There is not much we can do about such metaphors except to state that that is precisely what they are.
Now originally, this search into the nature of consciousness was known as the mind-body problem, heavy with its ponderous philosophical solutions. But since the theory of evolution, it has bared itself into a more scientific question. It has become the problem of the origin of mind, or, more specifically, the origin of consciousness in evolution.
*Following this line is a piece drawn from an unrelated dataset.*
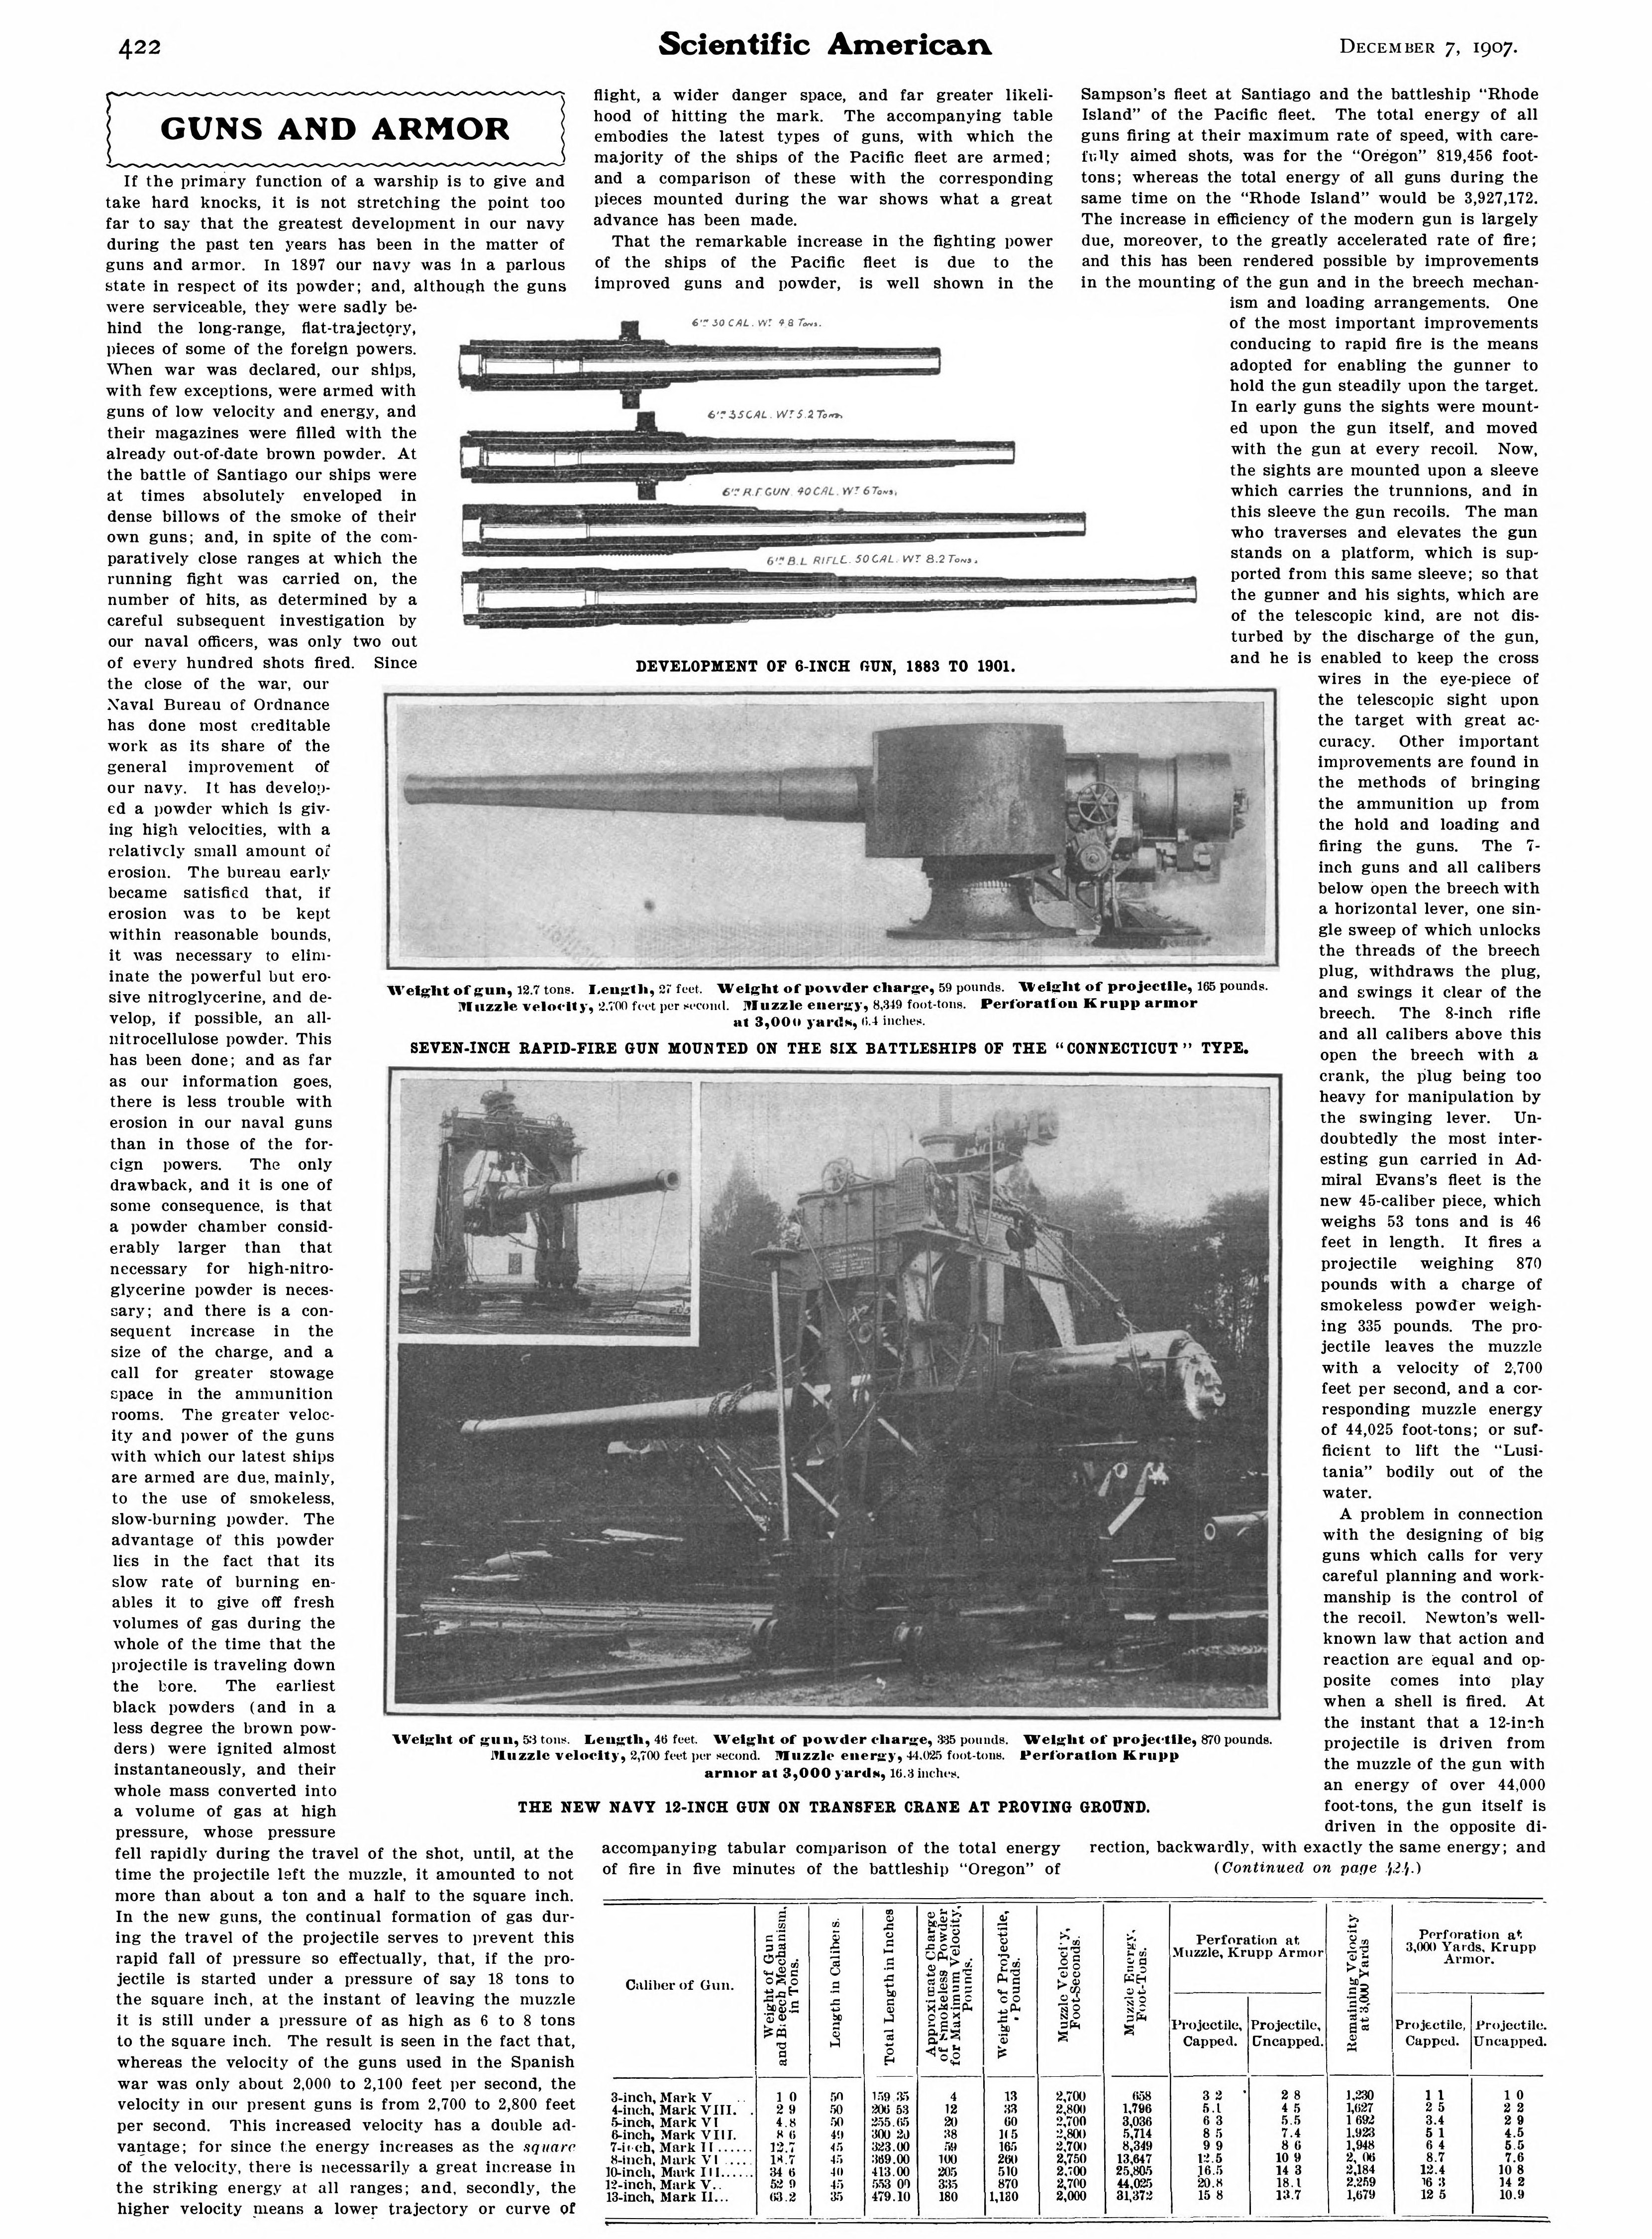 США - орудия scientific-american-v97-n23-1907-12-07_0020.jpg
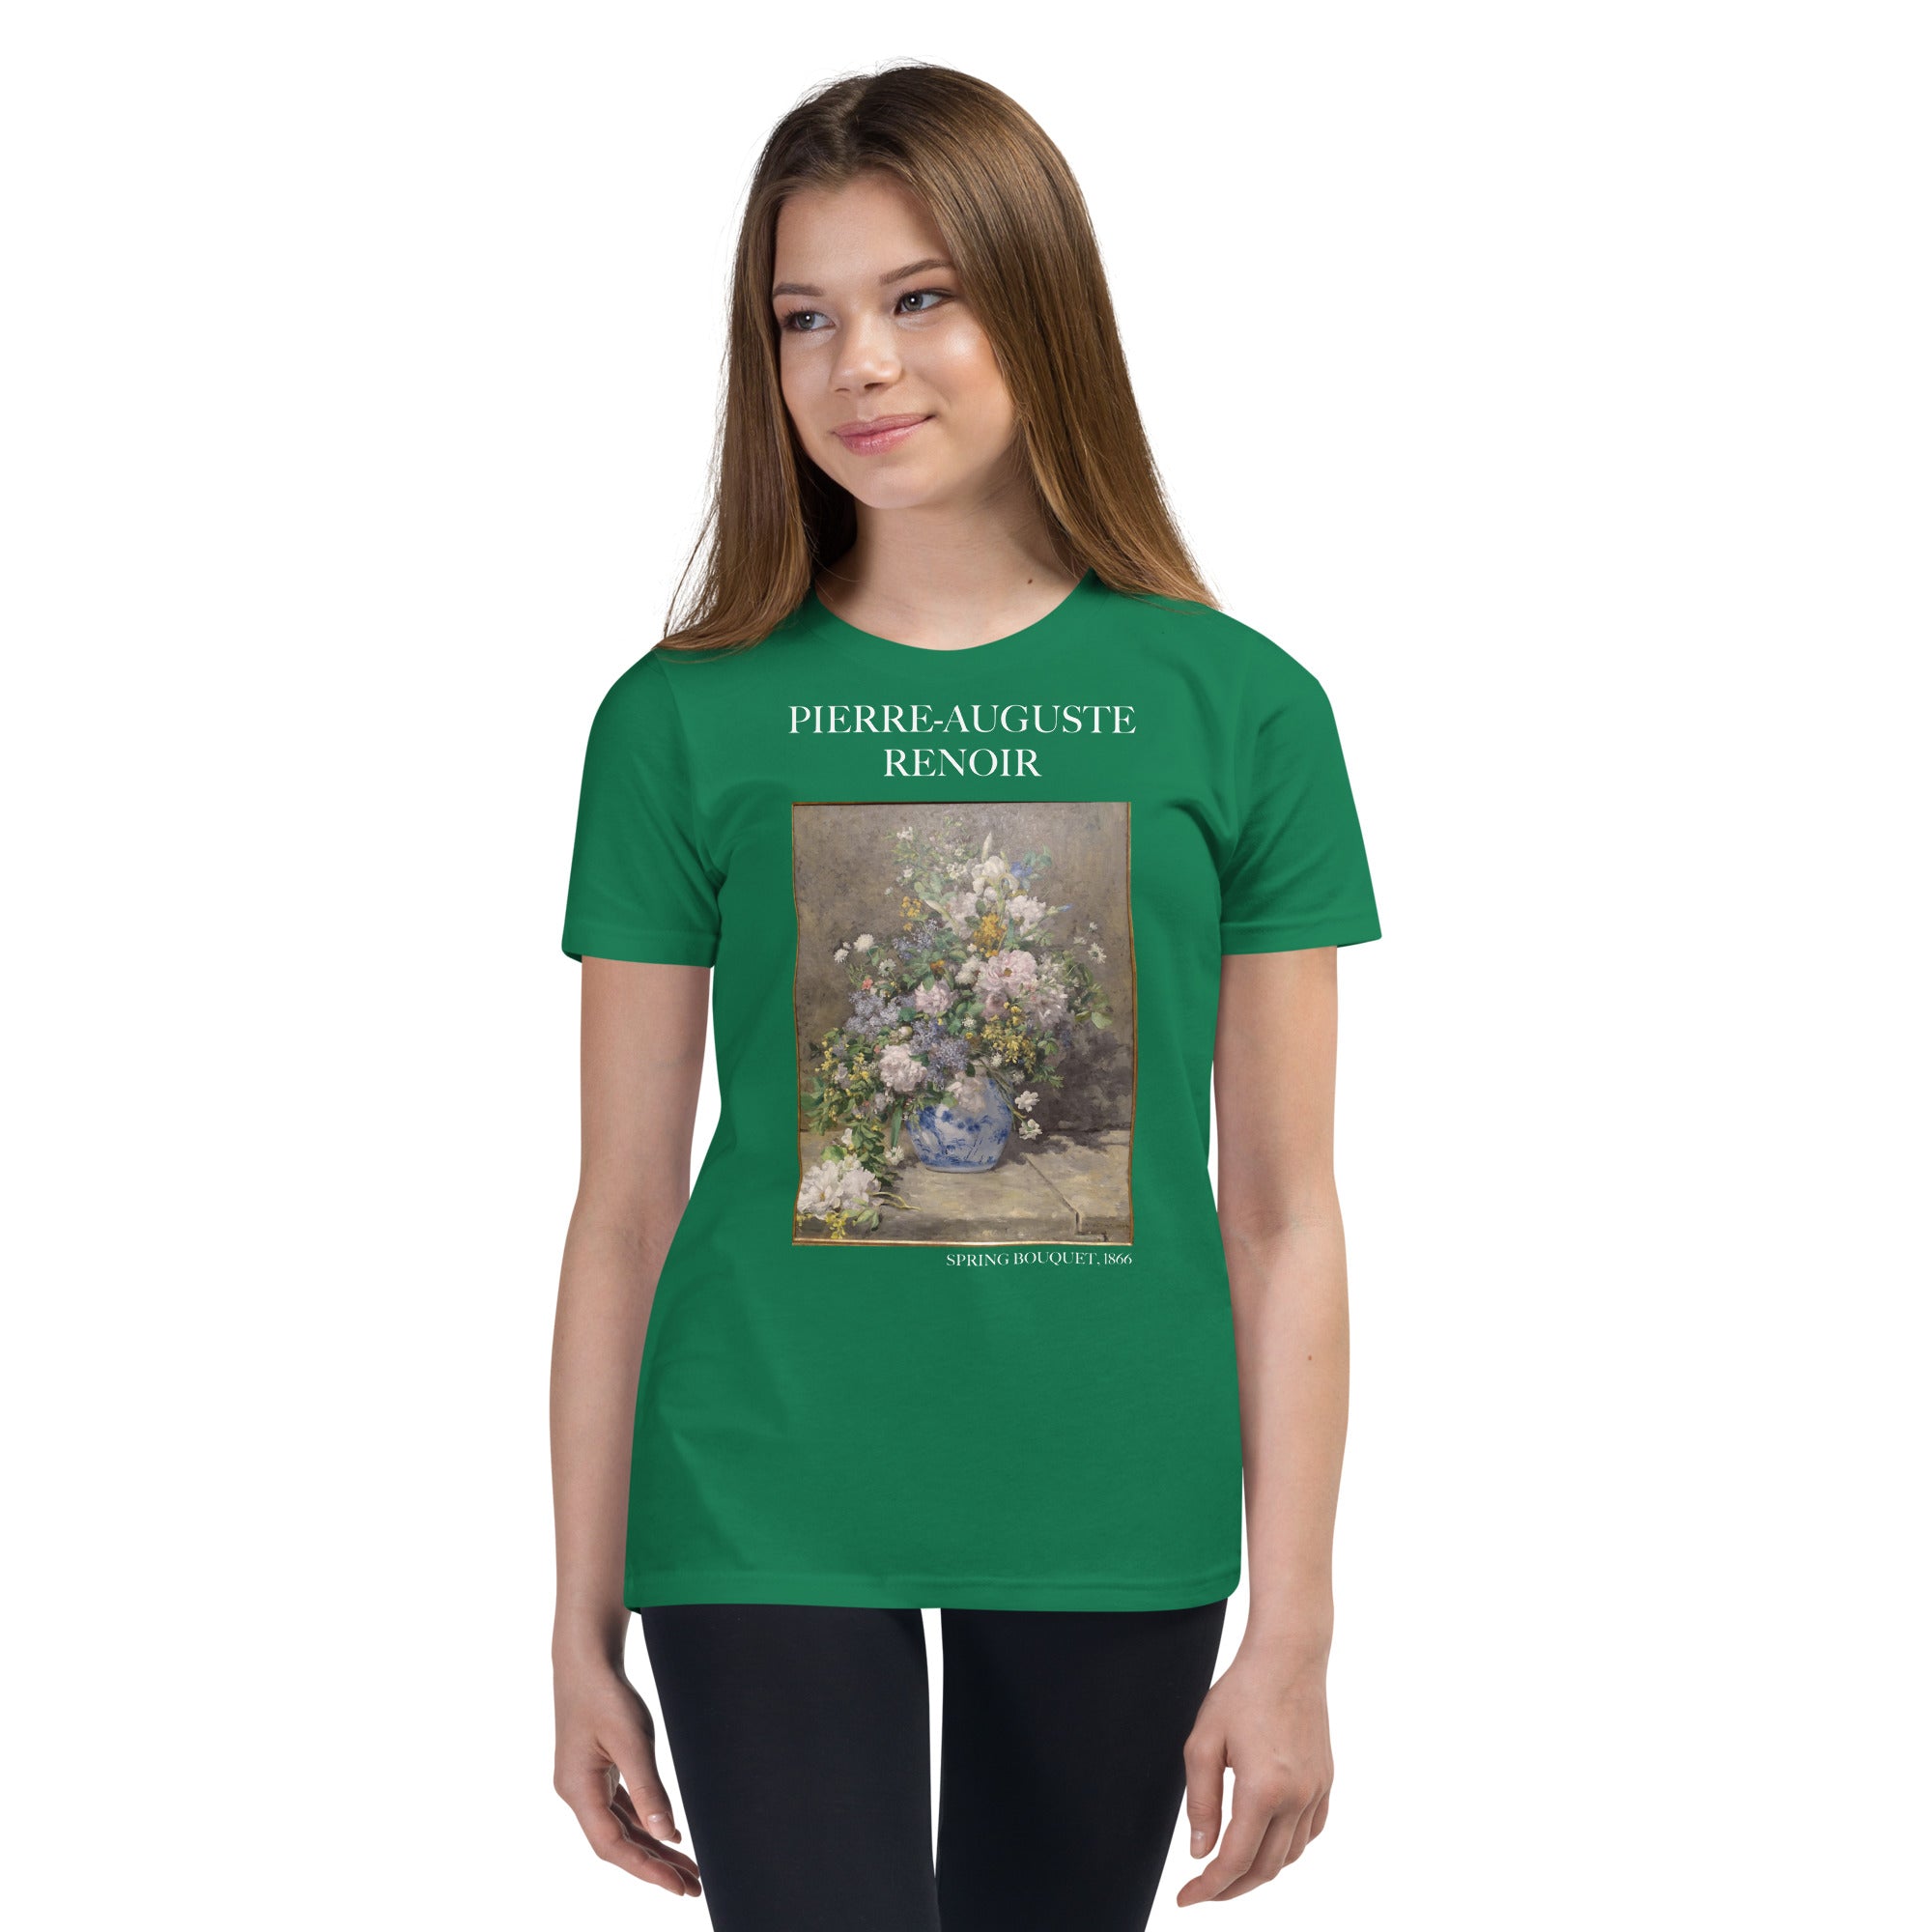 Pierre-Auguste Renoir 'Spring Bouquet' Famous Painting Short Sleeve T-Shirt | Premium Youth Art Tee

Where can this subjective experience which we introspect upon, this constant companion of hosts of associations, hopes, fears, affections, knowledges, colors, smells, toothaches, thrills, tickles, pleasures, distresses, and desireswhere and how in evolution could all this wonderful tapestry of inner experience have evolved? How can we derive this inwardness out of mere matter? And if so, when?
This problem has been at the very center of the thinking of the twentieth century. And it will be worthwhile here to briefly look at some of the solutions that have been proposed. I shall mention the eight that I think are most important.
Consciousness as a Property of Matter
The most extensive possible solution is attractive mostly to physicists. It states that the succession of subjective states that we feel in introspection has a continuity that stretches all the way back through phylogenetic evolution and beyond into a fundamental property of interacting matter. The relationship of consciousness to what we are conscious of is not fundamentally different from the relationship of a tree to the ground in which it is rooted, or even of the gravitational relationship between two celestial bodies. This view was conspicuous in the first quarter of this century. What Alexander called compresence or Whitehead called prehension provided the groundwork of a monism that moved on into a flourishing school called Neo-Realism. If a piece of chalk is dropped on the lecture table, that interaction of chalk and table is different only in complexity from the perceptions and knowledges that fill our minds. The chalk knows the table just as the table knows the chalk. That is why the chalk stops at the table.